Reconnaissance is the heaviest single area at roughly 21%, which reflects how much of real-world offensive work starts with Nmap scans, OSINT gathering, and enumeration before anything touches an exploit. Web application hacking at ~16% is the second-heaviest block, and SQL injection appears repeatedly across multiple question styles there.

The exam rewards breadth over depth. A typical question presents a scenario and a list of tools, then asks which tool fits the described technique, or which phase of hacking the described activity belongs to. You will see Nmap, Metasploit, Wireshark, John the Ripper, Aircrack-ng, SQLmap, and several dozen other tools referenced by name. Knowing what each tool does and which phase it maps to is more important than knowing how to run them in a live shell.

How hard is the CEH v13?

CEH v13 is a difficulty 3 out of 5. It is broader than Security+, but the questions are more recall-oriented than the deep analysis that OSCP or even CASP+ requires. The "mile wide, inch deep" criticism is accurate and worth taking seriously when you plan your prep strategy.
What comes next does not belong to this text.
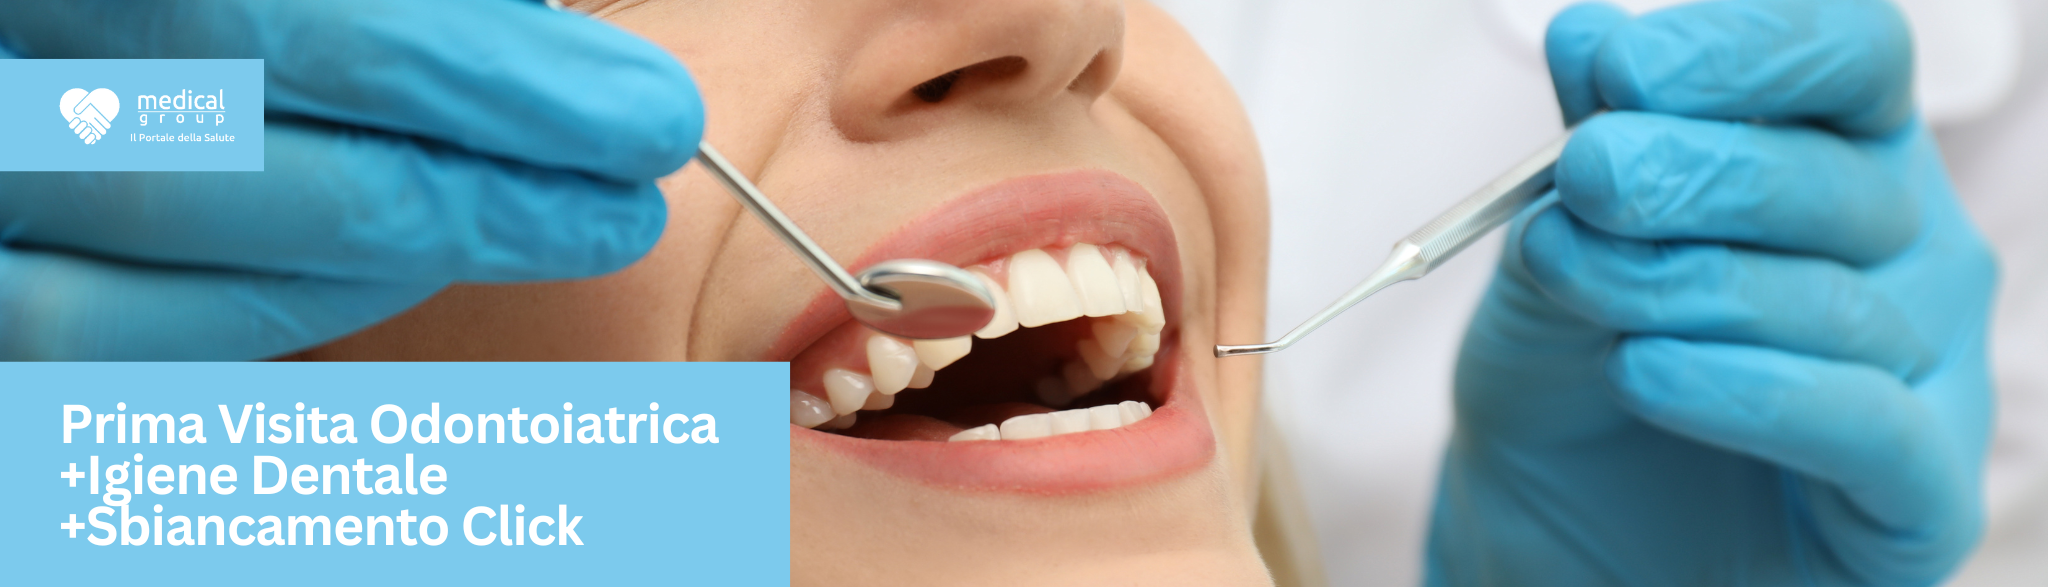 F-Medical Promo Foto Odontoiatria - Prima Visita Odontoiatrica +Igiene Dentale +Sbiancamento Click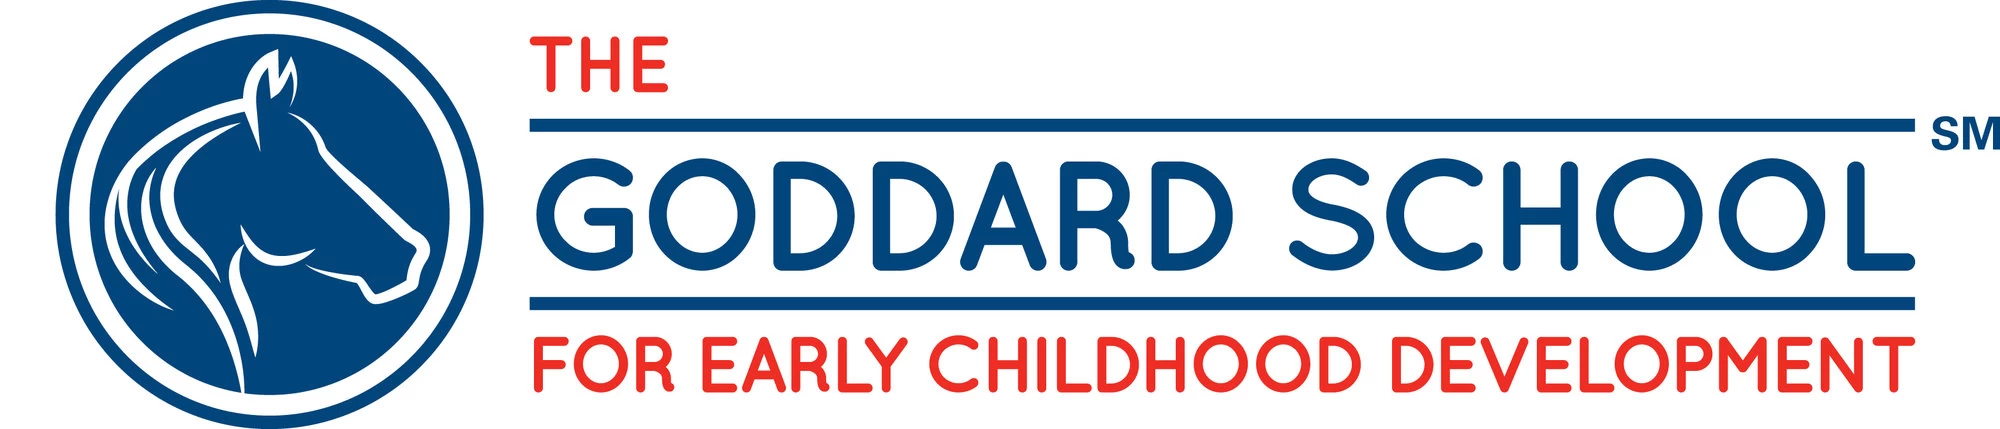 The Goddard School Franchise Logo

The genuinely hard parts are:

  • The sheer volume of tools, techniques, and acronyms across 20 domains. There are hundreds of named tools in the blueprint and you need to know roughly what each one does.
  • The AI additions in v13 are newer, so practice materials for those topics are thinner than for the core domains. Budget extra time for AI-assisted attack and defense content.
  • The variable cut score. You do not know whether you landed a 60%-cut or an 85%-cut form until you sit down. Scoring in the high 70s on practice exams is not a safe buffer.
  • The eligibility barrier before you even book the exam. You either complete official EC-Council training (which bundles the voucher and typically costs $2,000 or more) or you pay a $100 non-refundable application fee and document at least 2 years of information-security work experience. No shortcut around that gate.

The most common failure pattern is underestimating the tool and technique volume. Candidates who consume a single video course and skip the tool flashcard work tend to blank on the scenario questions that ask "which of these tools performs passive fingerprinting" or "which malware type self-replicates without user interaction." The breadth is the difficulty, not the depth of any single topic.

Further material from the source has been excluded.